# SageMaker Example

## 1. Create your container repository

open aws console and create a repository for your container: https://us-west-2.console.aws.amazon.com/ecr/create-repository?region=us-west-2

for example `236995464743.dkr.ecr.us-west-2.amazonaws.com/sagemaker_endpoint/vllm`

In [1]:
# login
!aws ecr get-login-password --region us-west-2 | docker login --username AWS --password-stdin 236995464743.dkr.ecr.us-west-2.amazonaws.com

VLLM_VERSION = "v0.6.0"
REPO_NAME = "sagemaker_endpoint/vllm"
CONTAINER = f"236995464743.dkr.ecr.us-west-2.amazonaws.com/{REPO_NAME}:{VLLM_VERSION}"
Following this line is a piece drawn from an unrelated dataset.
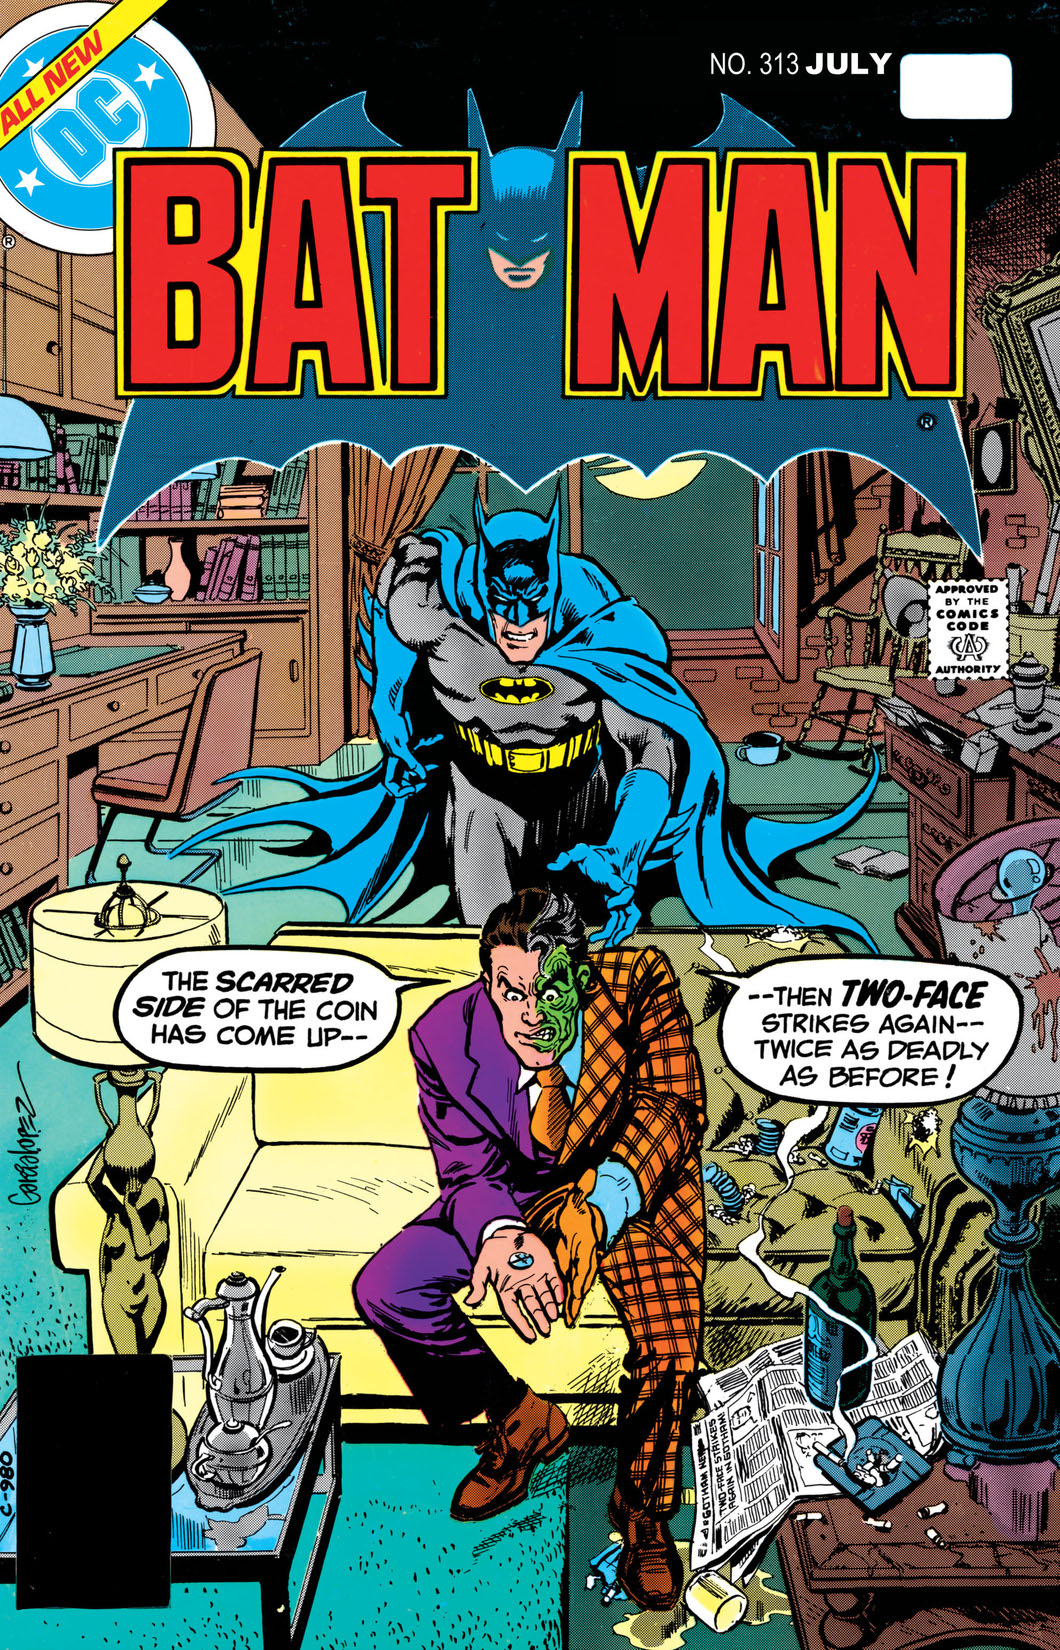 Batman (1940-) #313 preview images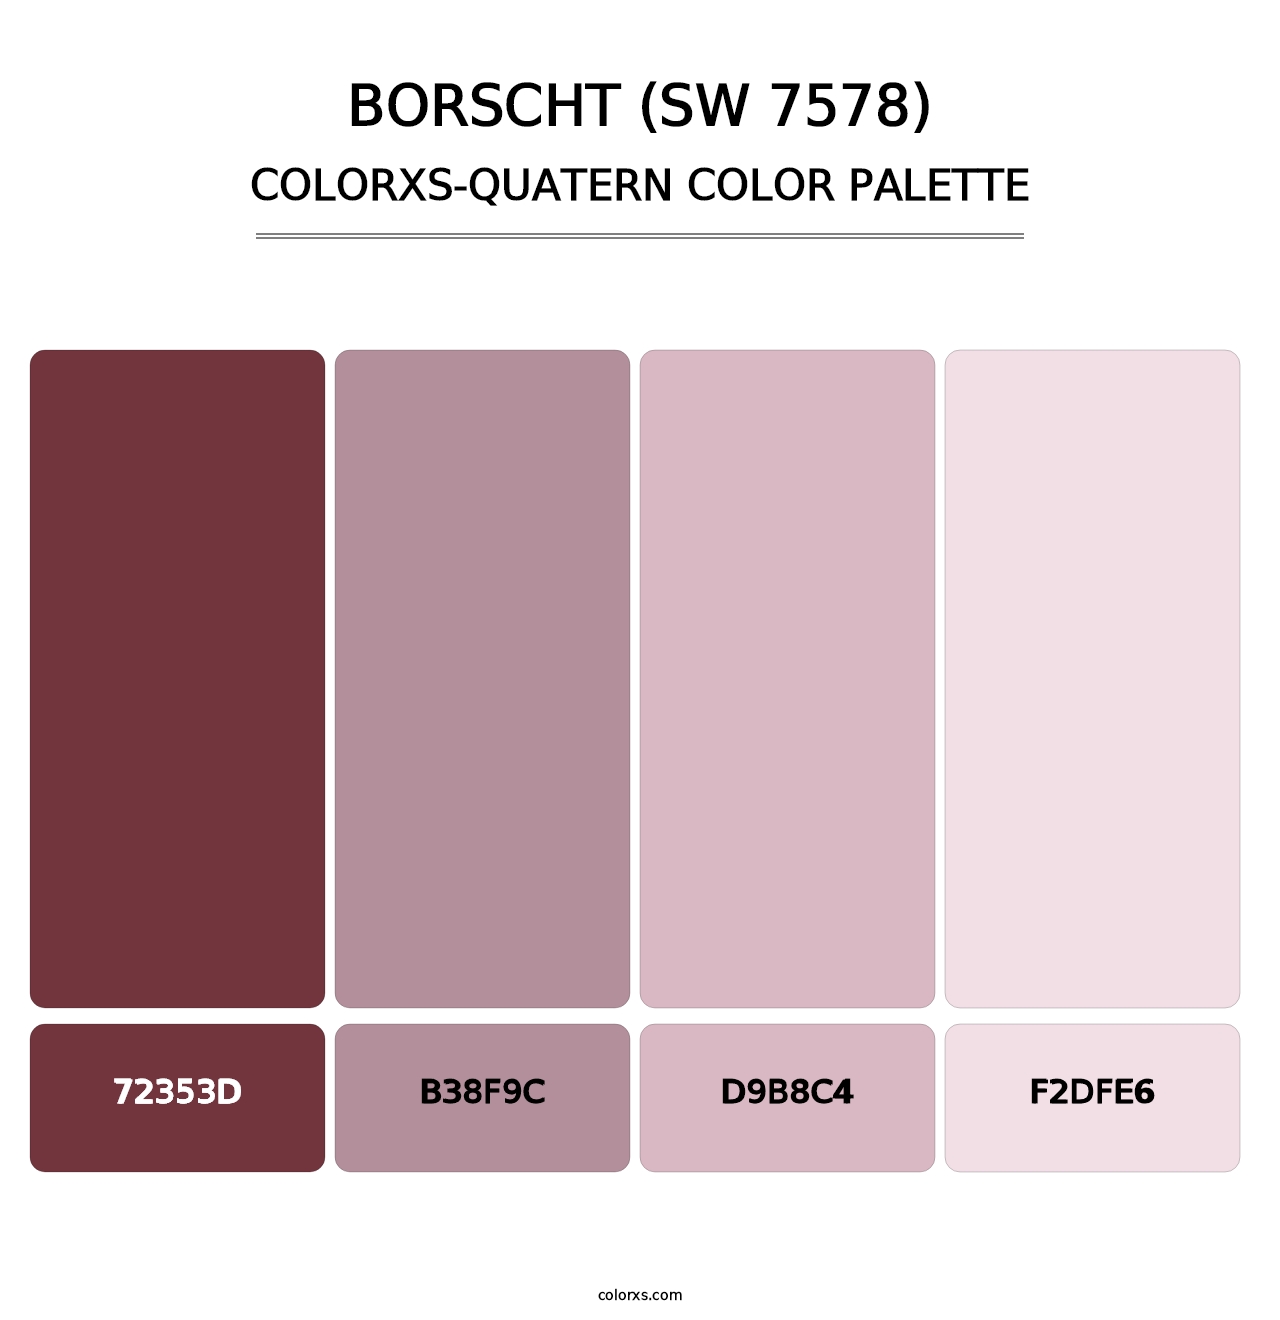 Borscht (SW 7578) - Colorxs Quatern Palette

https://docs.docker.com/engine/reference/commandline/login/#credentials-store

Login Succeeded


## 2. Build the container

demo codes are in `app/`
build and push the docker with following commands:

In [2]:
!docker build --build-arg VLLM_VERSION={VLLM_VERSION} -t {REPO_NAME}:{VLLM_VERSION} .
!docker tag {REPO_NAME}:{VLLM_VERSION} {CONTAINER}
!docker push {CONTAINER}

Sending build context to Docker daemon  109.1kB
Step 1/9 : ARG VLLM_VERSION
Step 2/9 : FROM vllm/vllm-openai:$VLLM_VERSION
 ---> 714424fc682c
Step 3/9 : WORKDIR /app
 ---> Using cache
 ---> cdbc00b24d70
Step 4/9 : COPY app/ /app
 ---> Using cache
 ---> 161d806cbc9c
Step 5/9 : RUN export PYTHON_SITEPACKAGES=`python3 -c "import site; print(site.getsitepackages()[0])"`; sed -i '/if __name__ == "__main__":/i\@router.get("/ping")\nasync def ping() -> Response:\n\    return await health()\n\nfrom typing import Union\n@router.post("/invocations")\nasync def invocations(request: Union[ChatCompletionRequest, CompletionRequest],\n\                                 raw_request: Request):\n\    if isinstance(request, ChatCompletionRequest):\n\        return await create_chat_completion(request, raw_request)\n\    elif isinstance(request, CompletionRequest):\n\        return await create_completion(request, raw_request)\n\    else:\n\        return JSONResponse("unknow request paras",\n\            

## 3. Deploy on SageMaker

define the model and deploy on SageMaker


### 3.1 Init SageMaker session

In [3]:
!pip install boto3 sagemaker transformers
import re
import json

import boto3
import sagemaker
from sagemaker import Model

sess = sagemaker.Session()
role = sagemaker.get_execution_role()

sagemaker.config INFO - Not applying SDK defaults from location: /etc/xdg/sagemaker/config.yaml
sagemaker.config INFO - Not applying SDK defaults from location: /home/ec2-user/.config/sagemaker/config.yaml


### 3.2 Prepare model file: deploy vllm by scripts

In [4]:
!echo the entrypoint of the endpoint is "start.sh"
!echo ====================================================
!cat vllm_by_scripts/start.sh
!echo ====================================================

!rm vllm_by_scripts.tar.gz
!tar czvf vllm_by_scripts.tar.gz vllm_by_scripts/

model_name = "deepseek-coder-6-7b-instruct"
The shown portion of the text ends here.